The Roman Catholic Church is a Gawddamned Cesspool

From CNN.com: "I have been deeply disturbed by the information which has come to light regarding the abuse of children and vulnerable young people by members of the church in Ireland, particularly by priests and religious," the pope wrote.

Absolute bullshit.

Pedophilia is so pervasive in the Catholic church that it's pretty clear abusing children is merely one of the "perks" of being a priest. The rape of children is institutionally embraced by the Catholic church, from its highest levels.

"The Vatican instructed Catholic bishops around the world to cover up cases of sexual abuse or risk being thrown out of the Church."

They won't throw out pedophiles -- the Catholic church will throw out those who refuse to protect pedophiles.

Pedophilia is institutionally accepted, propogated and protected by the Catholic church.

If it was anything but the abuse of children, I'd be happy to watch the church's death throes go on through a protracted, humiliating, ignoble devolution. But people's lives have been ruined. Kids raped, abused, used, handed around like a bottle at a frat party.

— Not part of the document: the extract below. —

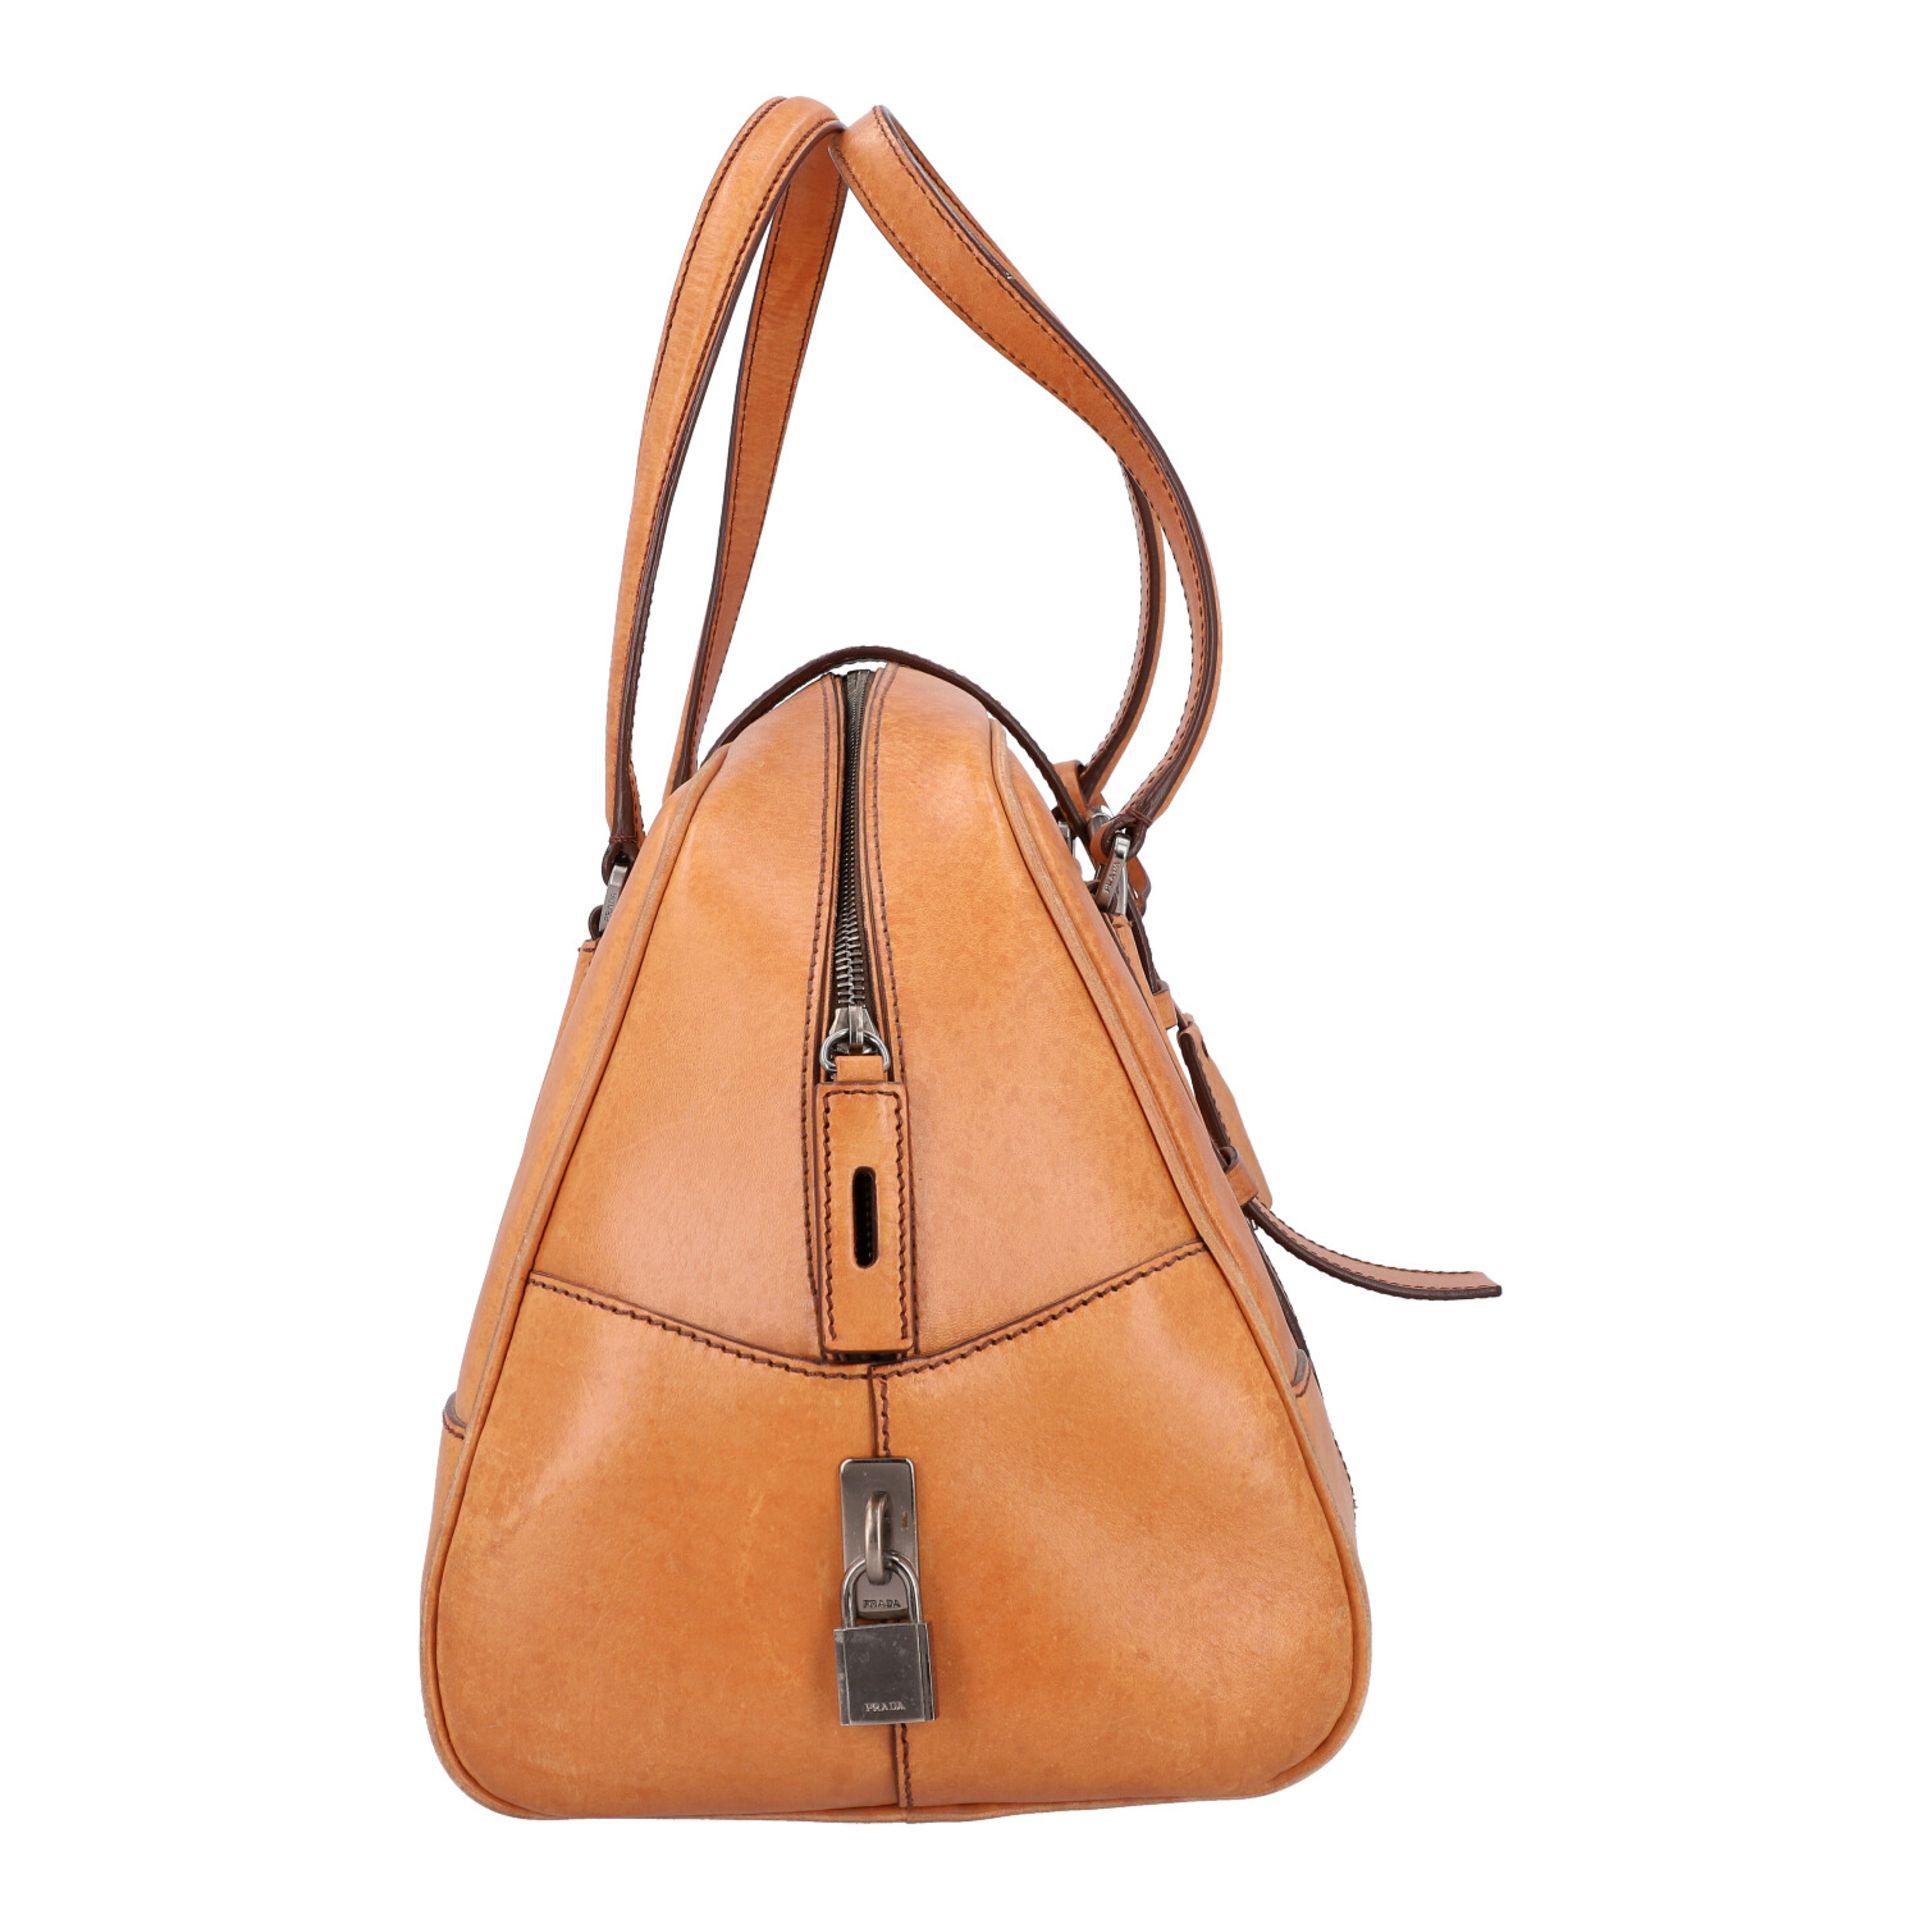 PRADA Handtasche. Glattleder in Beige mit silberfarbener Hardware, stabiles Modell mit - Image 3 of 8

Now, the wounds are opening in a country that I love as much as the one in which I was born -- Ireland. To the point where a headline on CNN.com reads: "'Ashamed to be Irish' -- Abuse angers nation".

The Irish have nothing to be ashamed of. The Church of Rome has been a blight upon the earth since its inception, and it was its priests who have perpetrated these crimes; its priests and bishops and cardinals (and pope) who have covered up these crimes. This is a Roman Catholic plague, not an Irish one.

My family knew a hapless, fatherless, only-child Irishman in the 1950s with the unlikely moniker, Pug McCluskey. He was the original Ne'er Do Well. He never worked, but spent his mother's pension cheques drinking at local watering holes.

One day he approached an uncle of mine, asking if he'd co-sign on a new suit of clothes for him. The anniversary of Pug's father's death was coming up and it was long-suffering Mrs. McCluskey's wish that Pug attend his father's anniversary funeral mass. Pug got his suit -- he never made a payment on it, so my uncle the co-signer ended up paying for it -- and was in the bar the day of his father's mass.

At some point, the bartender said, "Pug, aren't you supposed to be somewhere today?"

"Ah, Christ, sure I am," Pug slurred and lurched out of the bar.

Mr. McCluskey's anniversary mass was halfway finished by the time Pug kicked open the door of the church. The priest was giving his homily, and watched with dawning horror as Pug slumped down the middle aisle.

Mrs. McCluskey looked up and there may have been a moment of relief, of inchoate joy that, for once, Pug had not let her down. If there was that moment, it was fleeting.

Pug slouched past the row in which his mother sat and came to a stop about fifteen feet from the priest's podium. And there, in front of the dozen people who occupied the cavernously empty church, Pug looked at the priest and raised a quivering finger at him.

And addressed him thus: "The Roman Catholic church is a gawddamned cesspool!"

Then he turned and left the church, returning to his bar stool down the street.